Your child’s genetic composition, or the genes that they inherit from their parents, causes growth spurts. Your child’s genes will determine how tall they will grow and how quickly they will reach their maximum height.
In addition to their genetic makeup, environmental factors can affect your child’s growth, including:
- Diet and nutrition.
- Exposure to negative substances in the water or atmosphere (pollution or lead).
- Abnormal fetal health or pregnancy complications.
Diagnosis and Tests
How are growth spurts diagnosed?
Your child’s healthcare provider will track your baby’s height and weight during wellness checkups using a scale, measuring tape and/or measuring table (stadiometer). Growth charts created by the World Health Organization and Centers for Disease Control and Prevention identify whether or not your child is growing on target according to their peers of the same age.
Since a growth spurt does not cause any health problems, there’s no need to rush to your healthcare provider’s office. Instead, your healthcare provider will track the change in your child’s height and weight at your next wellness visit and let you know if they are following a normal pattern of growth for their age.
Management and Treatment
How do I support my child during their growth spurt?
Babies under one year tend to express their growth spurt through fussiness and periods of increased hunger. For school-age children and adolescents, growth spurts trigger changes in appetite, sleep and behavior, along with physical height and weight changes. During your child’s growth spurt, you can support them by:
- Providing additional meals to satisfy their appetite.
- Encouraging regular bedtimes and positive sleeping habits.
- Being patient with their changing emotions.

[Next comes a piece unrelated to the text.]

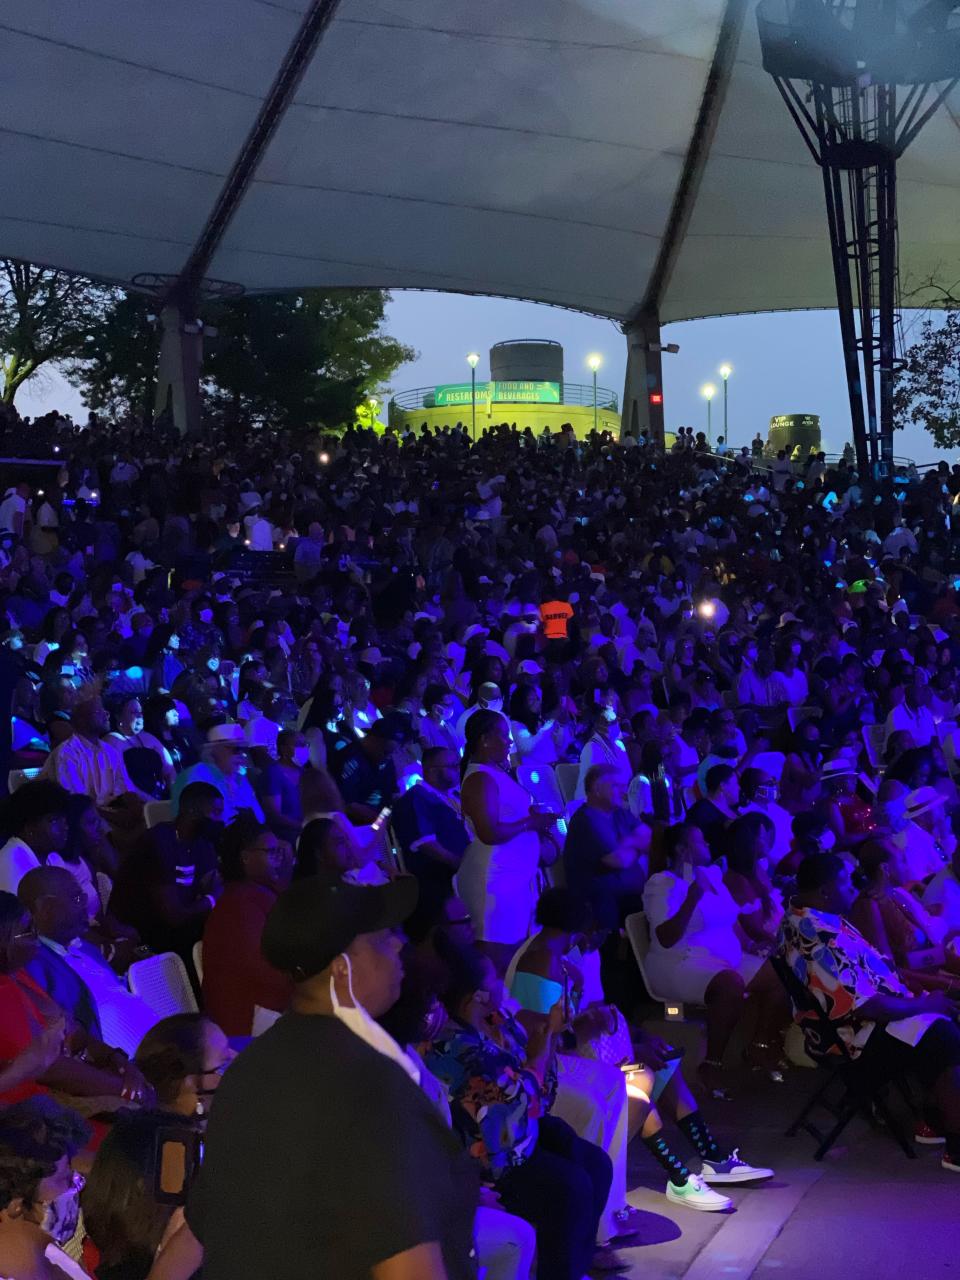 A concert crowd at Aretha Franklin Amphitheater in Detroit, Michigan, on Saturday, Aug. 21, 2021.

Are growth spurts preventable?
No, growth spurts should not be prevented because they are a natural part of your child’s growing process. Your child will experience growth spurts at their own pace when their body designates the appropriate time to increase height and weight until physical maturity.
Outlook / Prognosis
What can I expect if my child has a growth spurt?
Your child’s growth spurt is a short period of time when they undergo physical changes. It could last two to three days or up to one week. Growth spurts in babies tend to be shorter, lasting up to three days, whereas growth spurts in adolescents could last up to a week. You'll notice your child’s behaviors changing, from extreme fussiness to sleeping and eating changes. Make sure you adapt your child’s routine to meet their needs as they progress through growth spurts by providing additional feedings or encouraging nap times throughout the day.
When should I see my healthcare provider?
Growth spurts are shorter for young children and a bit longer for adolescents, but typically don’t last longer than one week. If your child becomes fussy or expresses discomfort that is difficult to ease for more than a week, but doesn’t show signs of illness, then contact their healthcare provider.
What questions should I ask my doctor?
- Is my child meeting growth expectations for their age?
- If my child complains of pain in their arms and legs, does that relate to their growth spurt?
- If my child doesn’t reach their growth milestones at the same time as their peers, is it a sign of a developmental delay?
A note from Cleveland Clinic
Growth spurts happen in the blink of an eye and often spark the statement, “Look how big you’ve grown!” at gatherings with your family and friends. Children grow at their own pace. Each child will develop when their body and genetic composition tells them it’s time. If you notice your child is not meeting height or weight requirements for their age, talk with your child’s healthcare provider.